No contexto contemporâneo das chamadas lutas por reconhecimento estamos às voltas com a demanda de inscrição de séries simbólicas em conflito: gêneros, raças, classes, línguas, culturas. Demandas de sofrimento que pedem pela inscrição no espaço público. Demandas dirigidas aos museus porque eles são e penso que deveriam continuar a ser, instâncias de sanção e de autorização de posições de fala. Mas, pelo exposto anteriormete, ser reconhecido pelo museu não é apenas ser catalogado, fazendo parte do acervo em seu modo próprio de lembrar e esquecer. A demanda precisa ser reconhecida não apenas em seus objetos representativos, mas também em sua gramática própria, vamos dizer assim, em seu pensamento “museológico” próprio. Por isso ter lugar, inclusive ter lugar de fala, pode ser inócuo se do outro lado não construímos um lugar de escuta. E ter um lugar de fala é fundamental, mas em certo sentido porque ele é só um lugar, um ponto de vista, que pode ser reduzido novamente a uma elite particular. O que se demanda não é o reconhecimento protocolar do lugar de fala, mas também da voz. A voz a que traz o corpo e o corpo que se transforma no percurso empático.
Aqui a confusão é frequente entre o expressivismo, que demanda a autonomia do singular, e a irredutibilidade da experiência, como reposição e completamento da identidade, que é uma estratégia decisiva das formas de corpo segregadas e a experiência transformativa que se pretende em relação ao poder modificador de mundos da memória, desde que articulada ao desejo.
Nos detalhes escondidos do corpo, presentes na obra de Sofia Borges, que nos traz meias caras, bocas recortadas em detalhes grotescos, percebemos a função decisiva da metáfora como impulsionadora e formadora das narrativas de sofrimento, logo de sua transformação.

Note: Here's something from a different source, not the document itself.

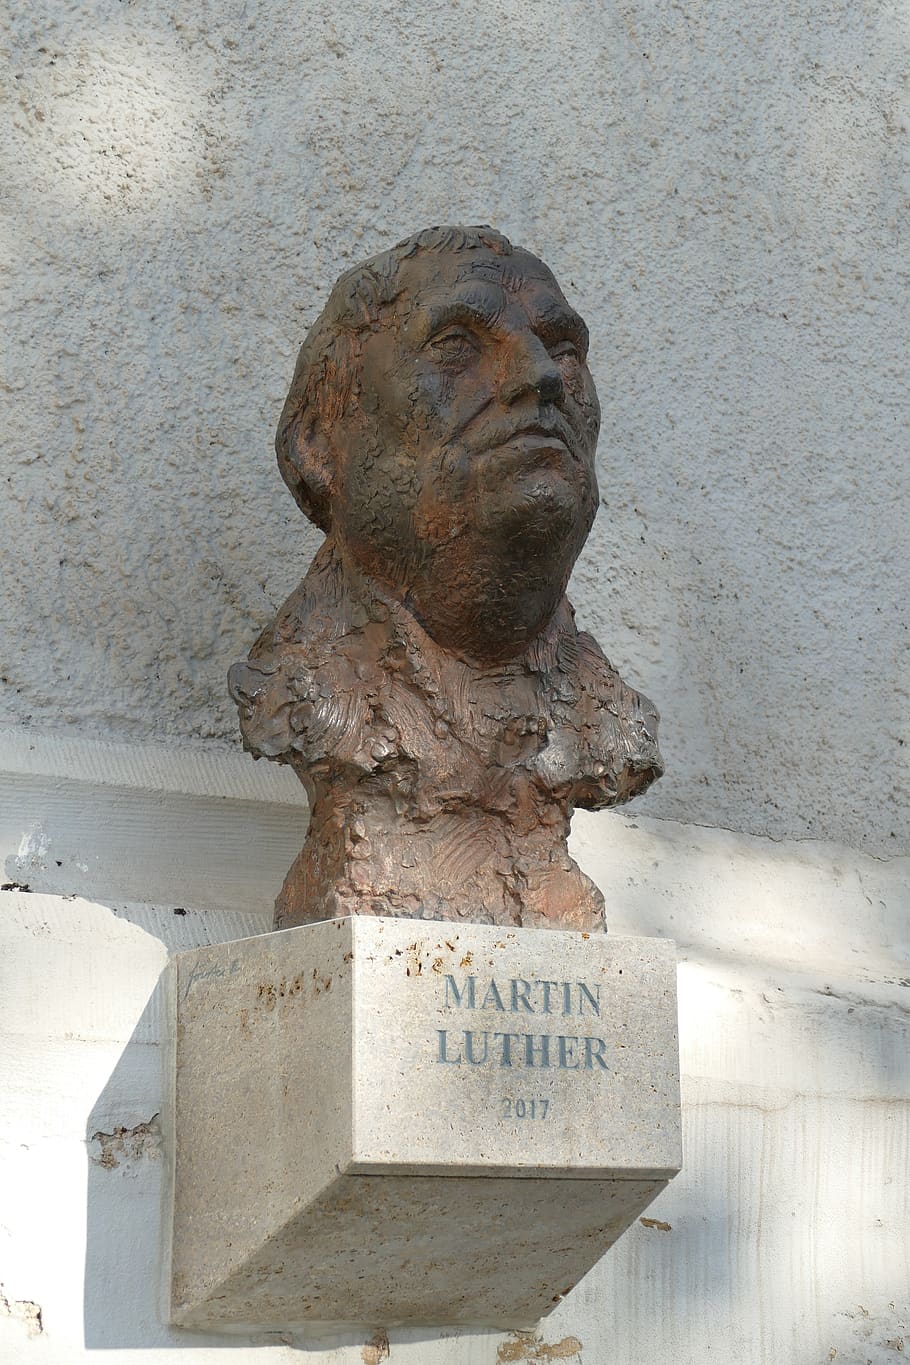 weimar, thuringia germany, unesco, world heritage site, unesco world heritage, historically, monument, luther, bust, sculpture

É uma estratégia de certo modo oposta a de Maria Laet, que enquadra o litoral feito de linhas e rasuras que o mar impõe à areia de uma praia. Crítica dos muros e fronteiras? Alusão ao fato de que sem marés e fronteiras indeterminadas o que temos é fratura e quebra.
Se Sofia Borges trabalha com a narrativa narcísica do sofrimento, Maria Laet escolha a narrativa esquizoide. Na primeira está em jogo meu reconhecimento de identidade, propiciado por uma imagem que opera em espelho. Na segunda está em pauta minha experiência de unidade. Ser idêntico não é o mesmo que ser um.